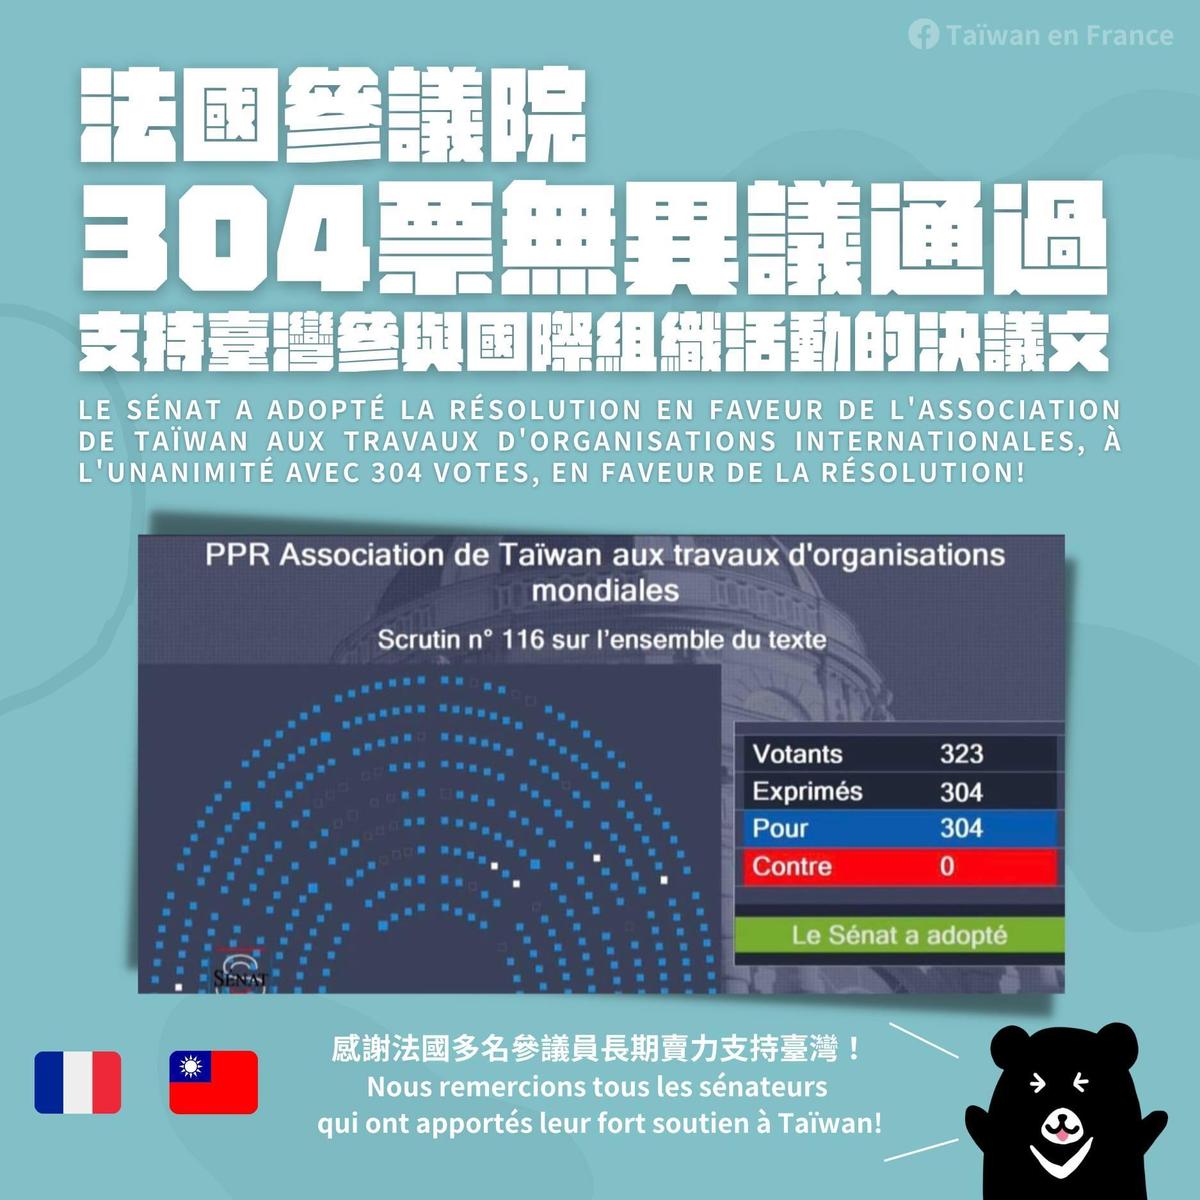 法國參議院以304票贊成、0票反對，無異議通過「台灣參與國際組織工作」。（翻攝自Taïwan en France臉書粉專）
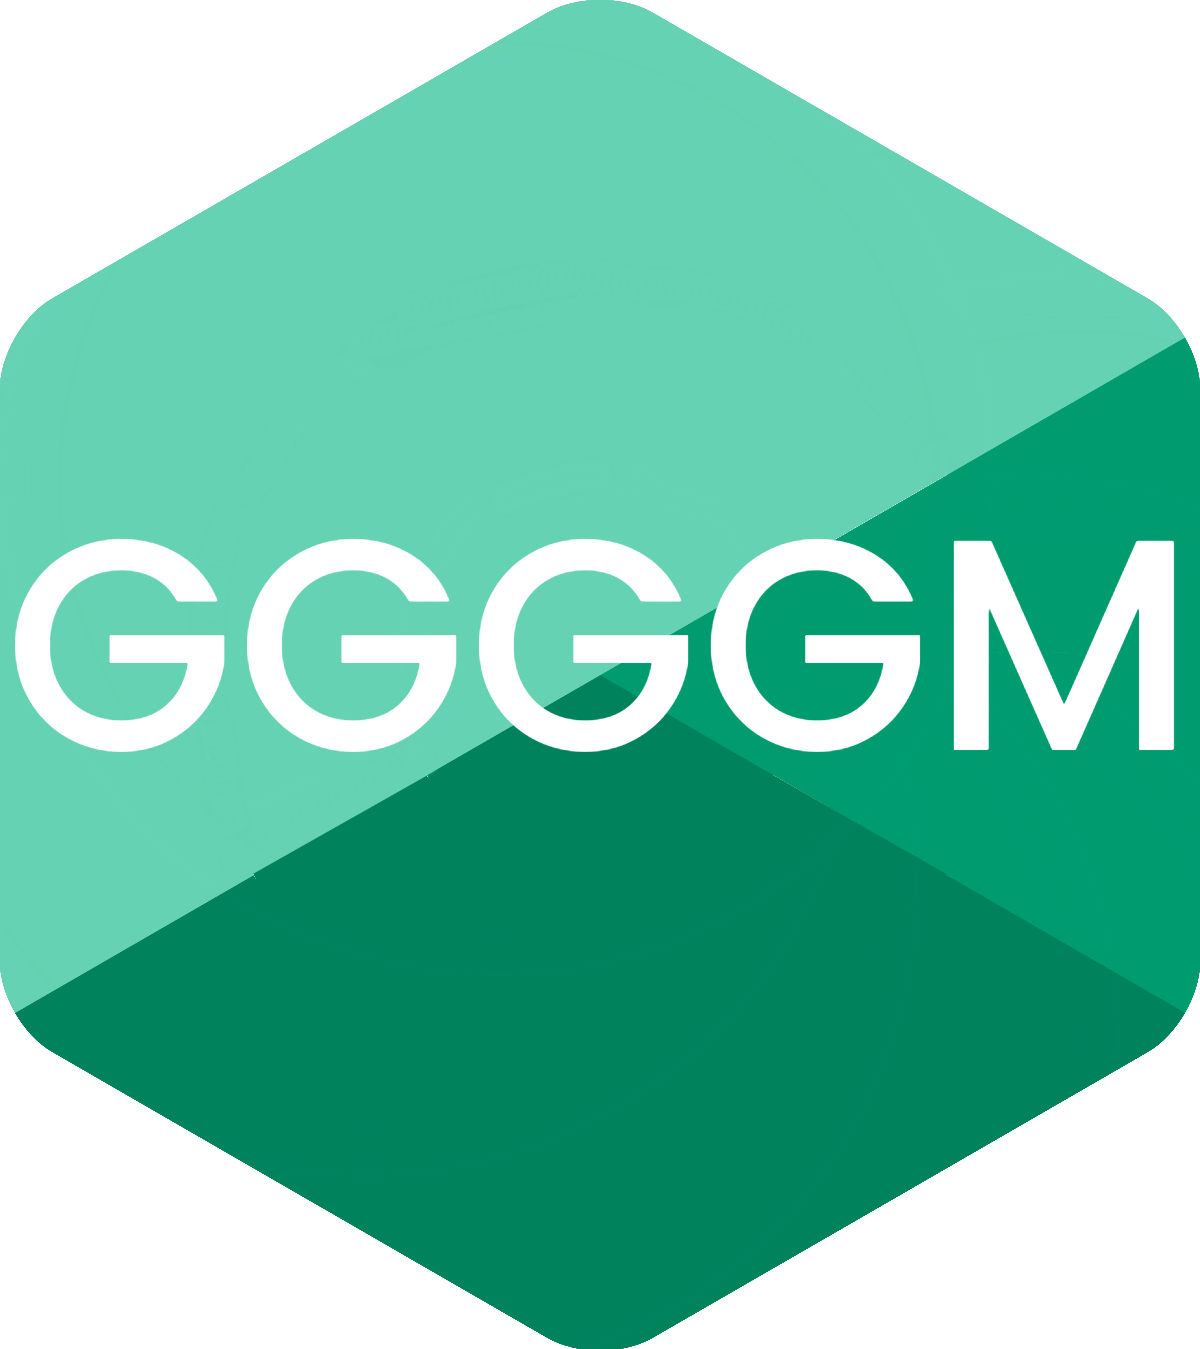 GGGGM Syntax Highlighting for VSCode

|---|

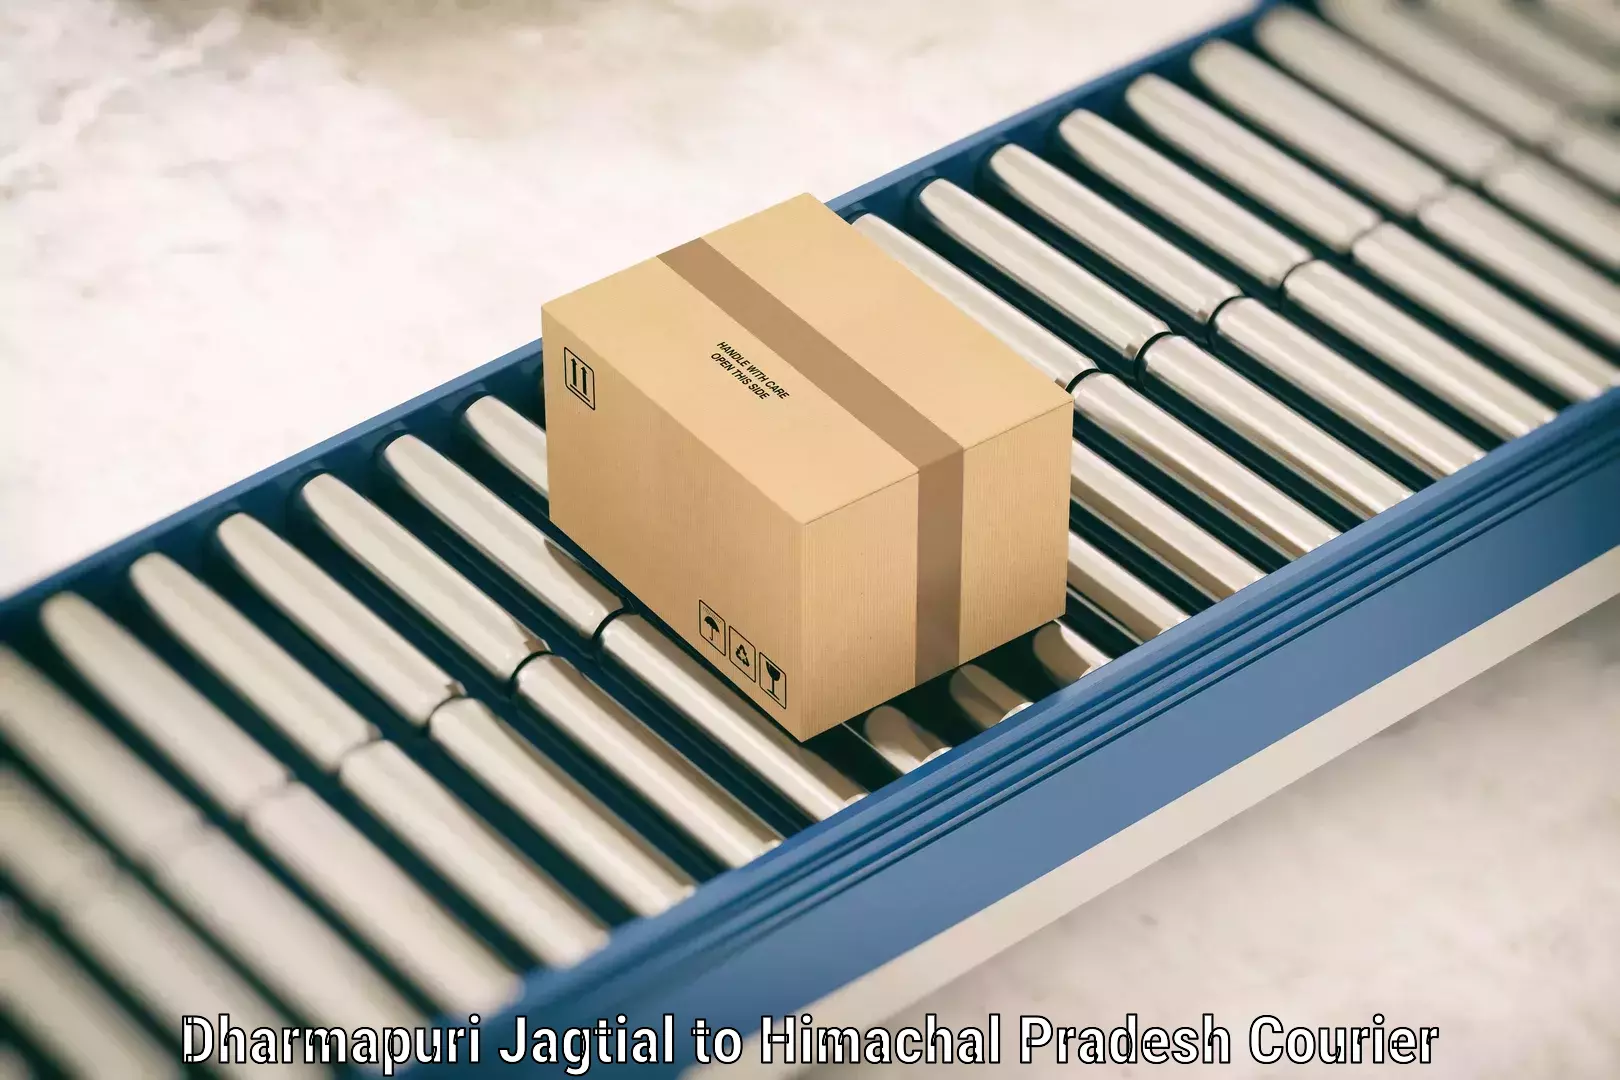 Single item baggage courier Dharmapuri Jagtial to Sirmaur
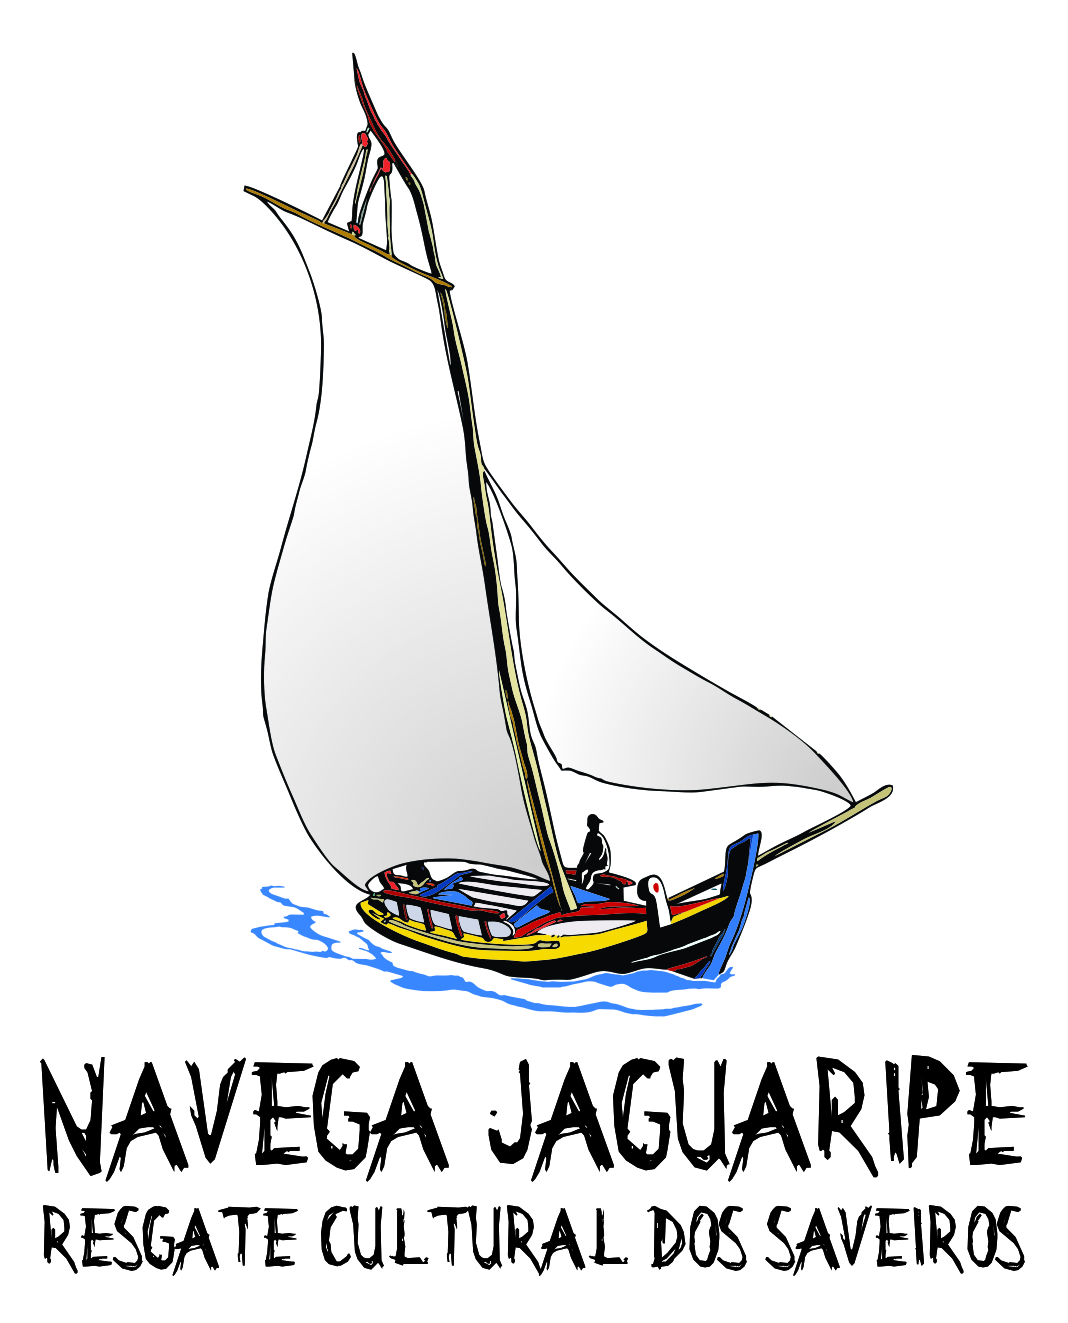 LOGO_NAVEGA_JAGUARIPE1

|---|

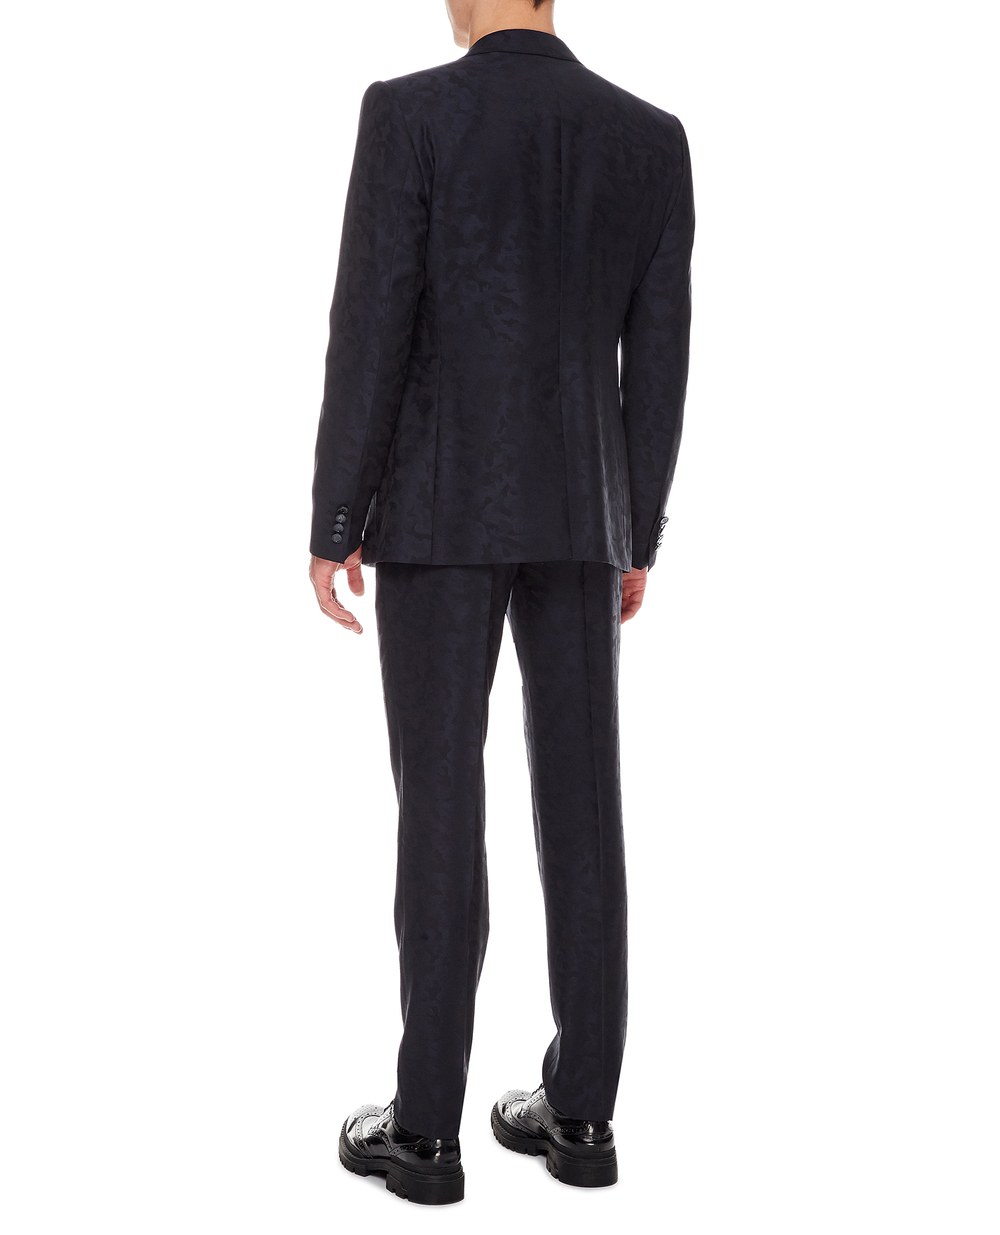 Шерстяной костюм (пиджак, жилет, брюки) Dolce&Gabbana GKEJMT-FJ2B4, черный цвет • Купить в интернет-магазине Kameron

|---|

# Required action
Leaving out the pictures, please output the lines in the entries above from the one with "法國參議院以304票贊成、0票反對，無異議通過「台灣參與國際組織工作」。（翻攝自Taïwan en France臉書粉專）" through the one with "GGGGM Syntax Highlighting for VSCode", exactly as they are.

# Output of the exercise
 法國參議院以304票贊成、0票反對，無異議通過「台灣參與國際組織工作」。（翻攝自Taïwan en France臉書粉專）
 GGGGM Syntax Highlighting for VSCode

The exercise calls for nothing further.